Anger
On the short list of primary emotions, anger often gets a bad rap. I guess that isn’t surprising. Anger can lead to violence, and it feels like a threat in our polite, civilized world. All of us experience anger, though, and repressing it causes other kinds of damage that are harder to track and control.
People sometimes talk about anger as a secondary emotion. When we feel sadness, shame, or fear, we sometimes express it as anger because the vulnerability of those other emotions is too much to bear. Anger can exist as a true primary emotion, though, when it’s a response to injustice. In that context, anger can serve as a call to action. Throughout history, people have risen up against oppression, tyrants, and live bullets because anger gave them strength. Sometimes we need to fight, and anger makes that possible.

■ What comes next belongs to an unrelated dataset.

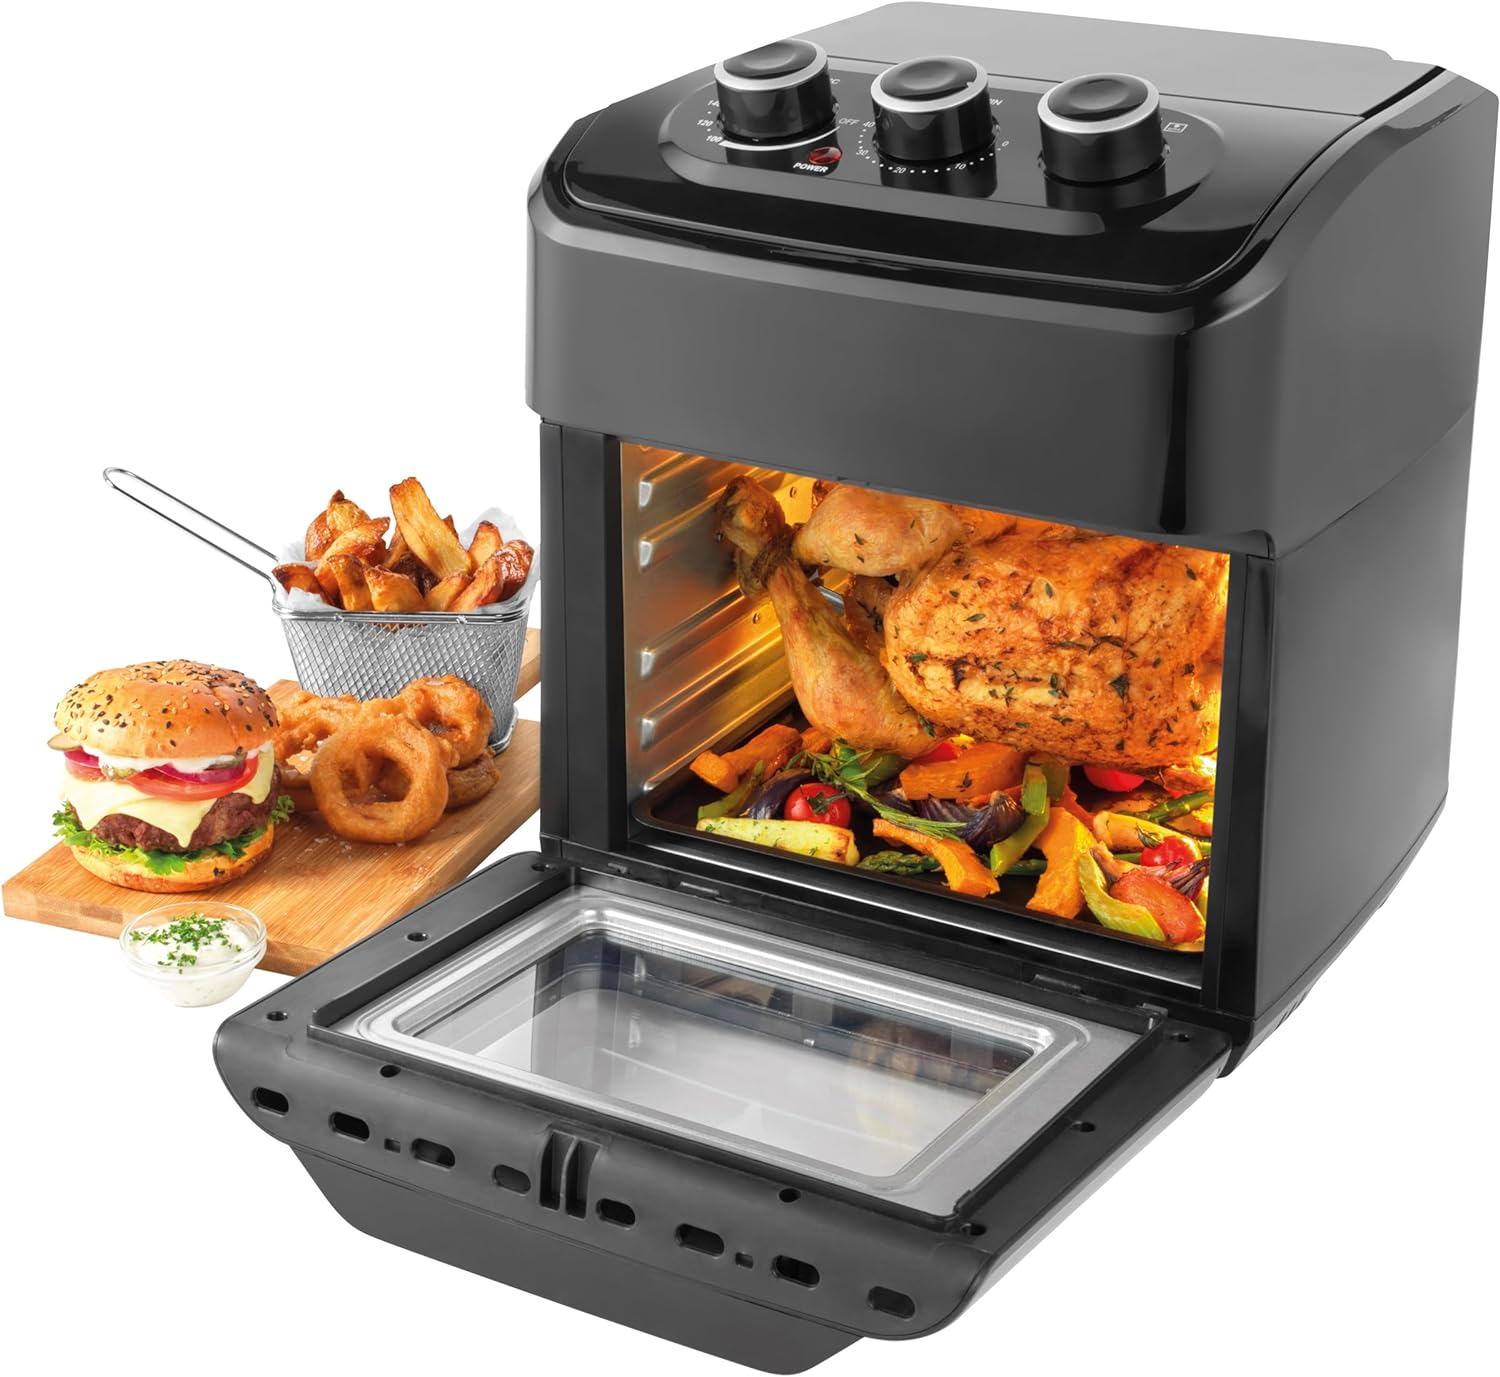 Salter EK5603 XL Air Fryer Oven – Air Fry, Roast, Rotisserie, Toast Bake, 12 L, No Preheating Needed, Includes 3 Cooking Racks Rotisserie Accessories, 3 Dial Control, 60 Minute Timer, 1800W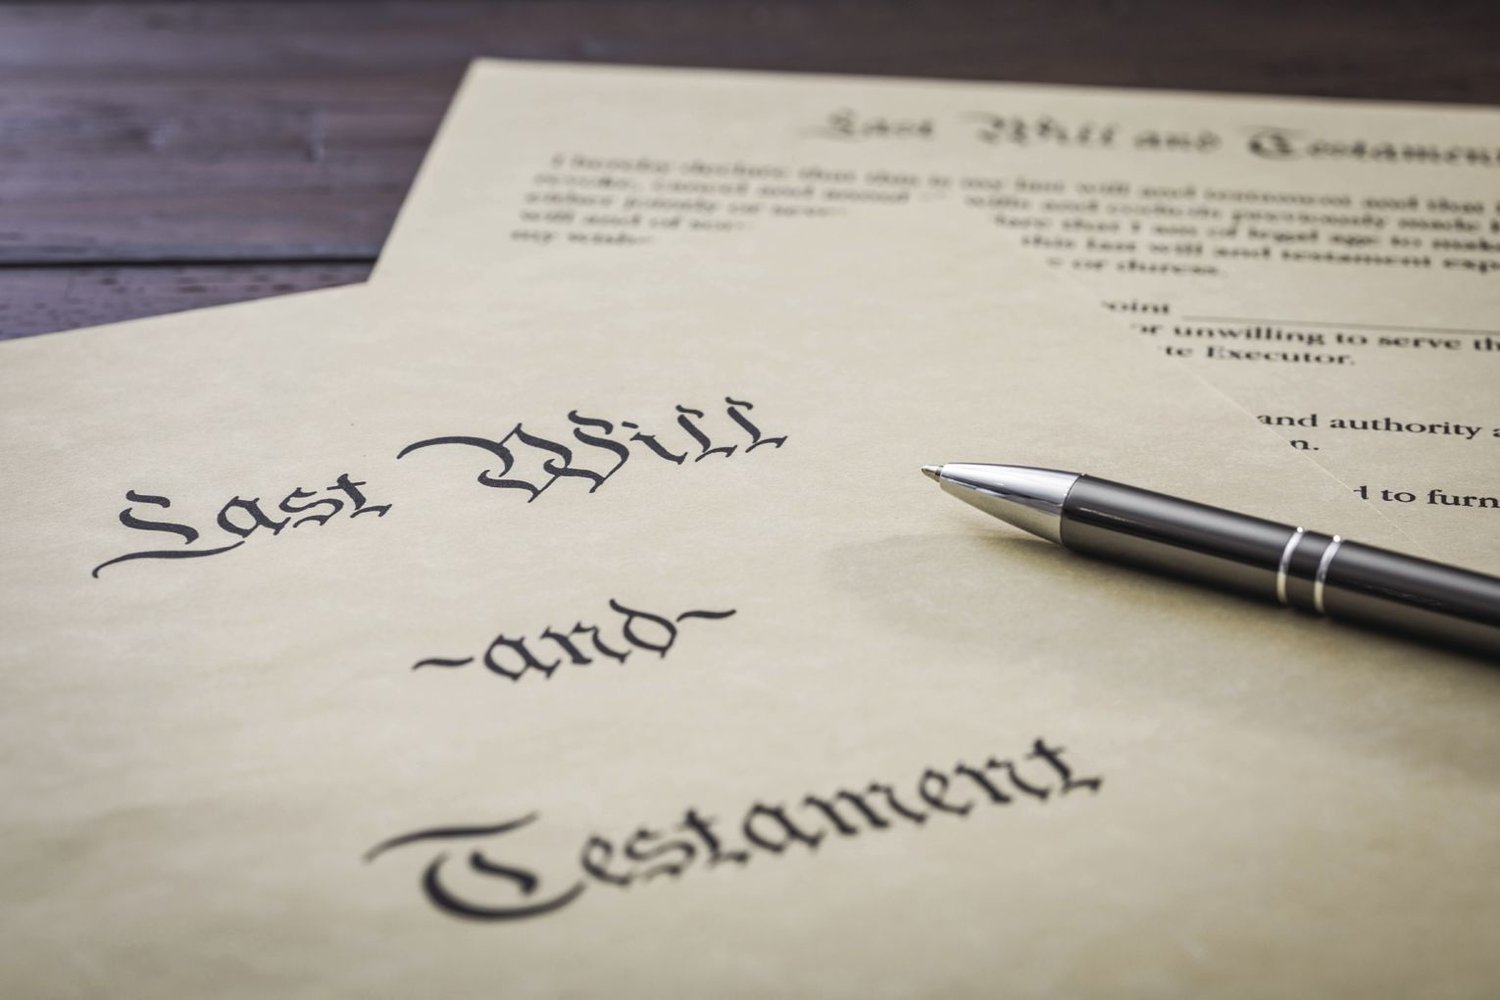 Estate planning can be tricky, which is why many people turn to attorneys to get the job done right.

When we aren’t manning the ramparts of revolution, however, we need to find a way to manage anger when it arrives. Rather than stuffing it back into our skull lockers, or giving it unbridled freedom to lash out at others, we need to treat it as a message. Is it alerting us to injustice--a wrong that needs to be righted? Is it the iceberg tip of some more vulnerable emotion? It’s real and it’s telling us something. It’s probably worth listening, before it auto-repeats.
Above all, we need to be aware when anger crosses over into contempt. Anger, when aimed at a person, is about actions, behaviors and consequences. Contempt is about character, personality and worth. Anger pulls us to act and to engage. Contempt makes us withdraw in despair and disgust, and that seldom leads to anything good.